For me, being gay has had everything to do with my spiritual journey. As you already know from prior stories, I was born a Methodist Christian and I was also born gay, and 27 years later those two things would come into great conflict with each other.
Growing up in the church I truly believed in Christianity, mainly because of the music associated with it. I sang in all the church choirs and felt as though I actually experienced the presence of God through the music. The last verse to one of the hymns we sang expresses the extent of my commitment:
“Were the whole realm of nature mine, That were an offering far too small.
Love so amazing, so divine, Demands my life, my soul, my all.”
So it was off to SMU to major in sacred music and become a minister of music in 1963 at a large Methodist church in Houston. Since SMU and Perkins School of Theology was a liberal college, I became a liberal Christian.

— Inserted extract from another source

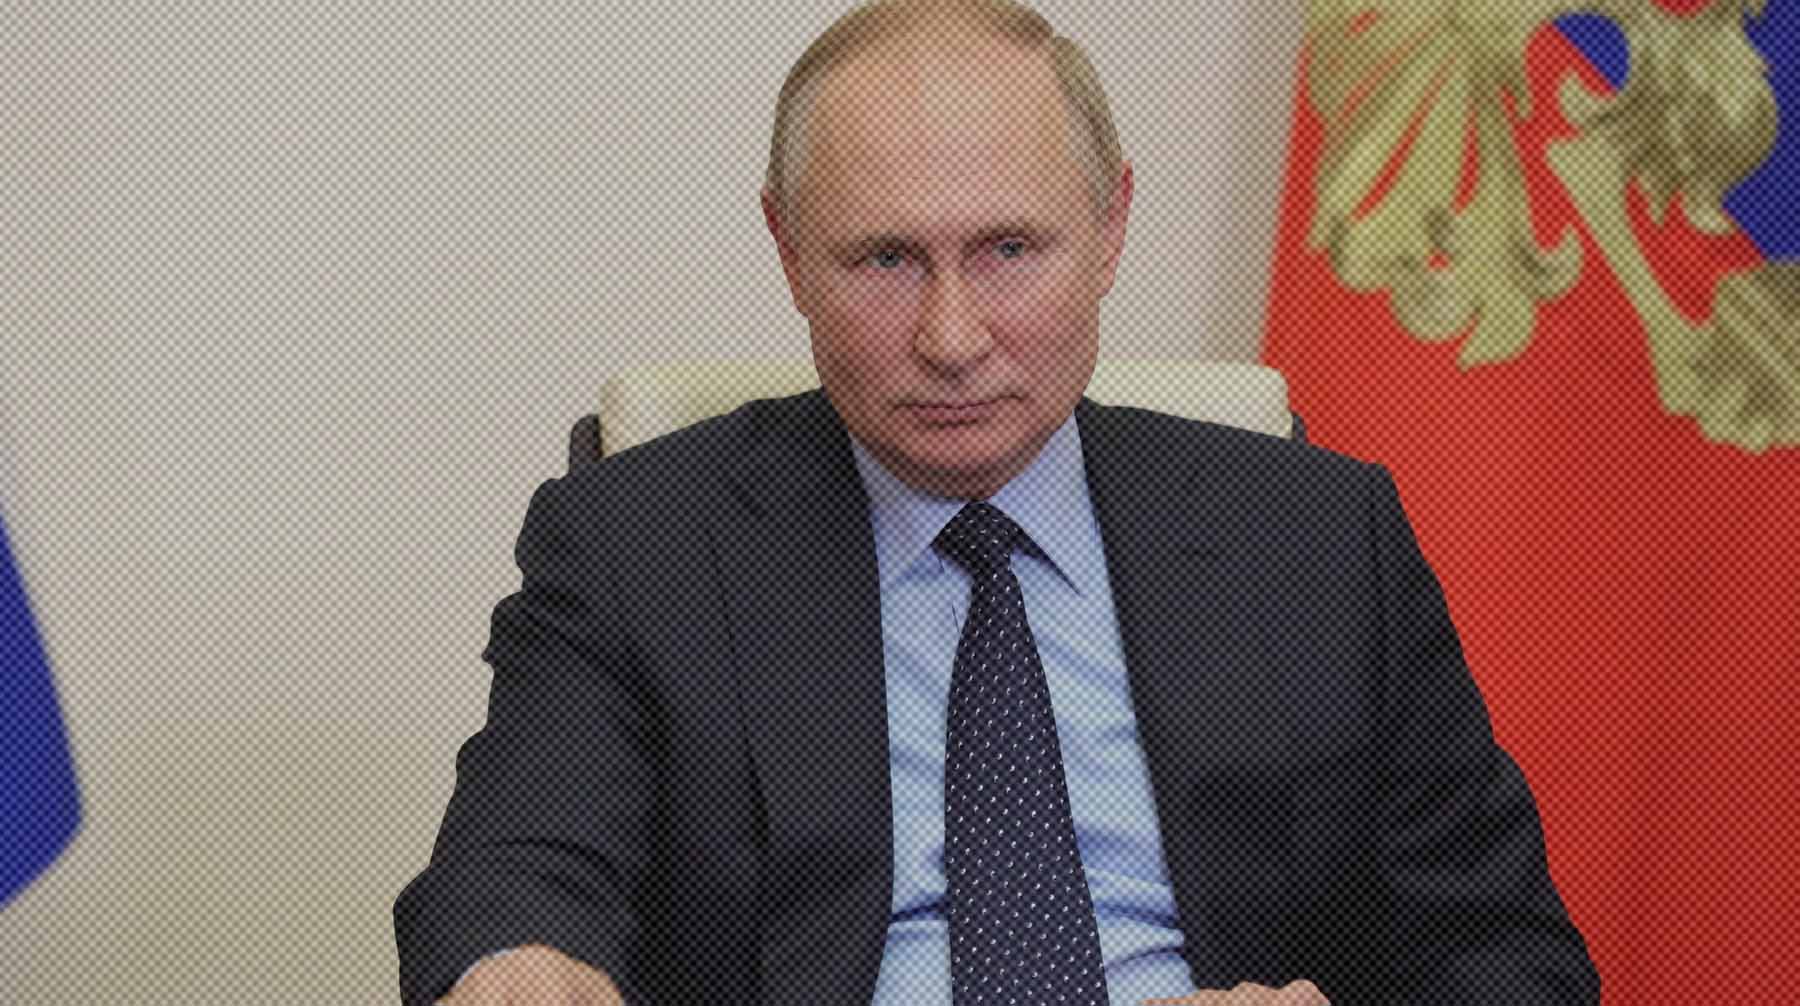 Ранее в СМИ писали, что Нечаев — единственный глава парламентской фракции, с кем так и не пообщался президент Фото: Global Look Press / Kremlin Pool

However, in my second year of graduate school I had come out to myself and had my first sexual experience with another woman. I had been in love with a couple of other girls in junior high and high school, but had not acted on it in any way, even though I wanted to more than anything in the world. Still, I waited ten years after my first crush to actually kiss another woman, and all of the fireworks went off. It was finally everything I had imagined and hoped for. I knew that I was a homosexual and I did not want to be one, because it was not accepted at the time and it seemed to be anathema to my chosen profession.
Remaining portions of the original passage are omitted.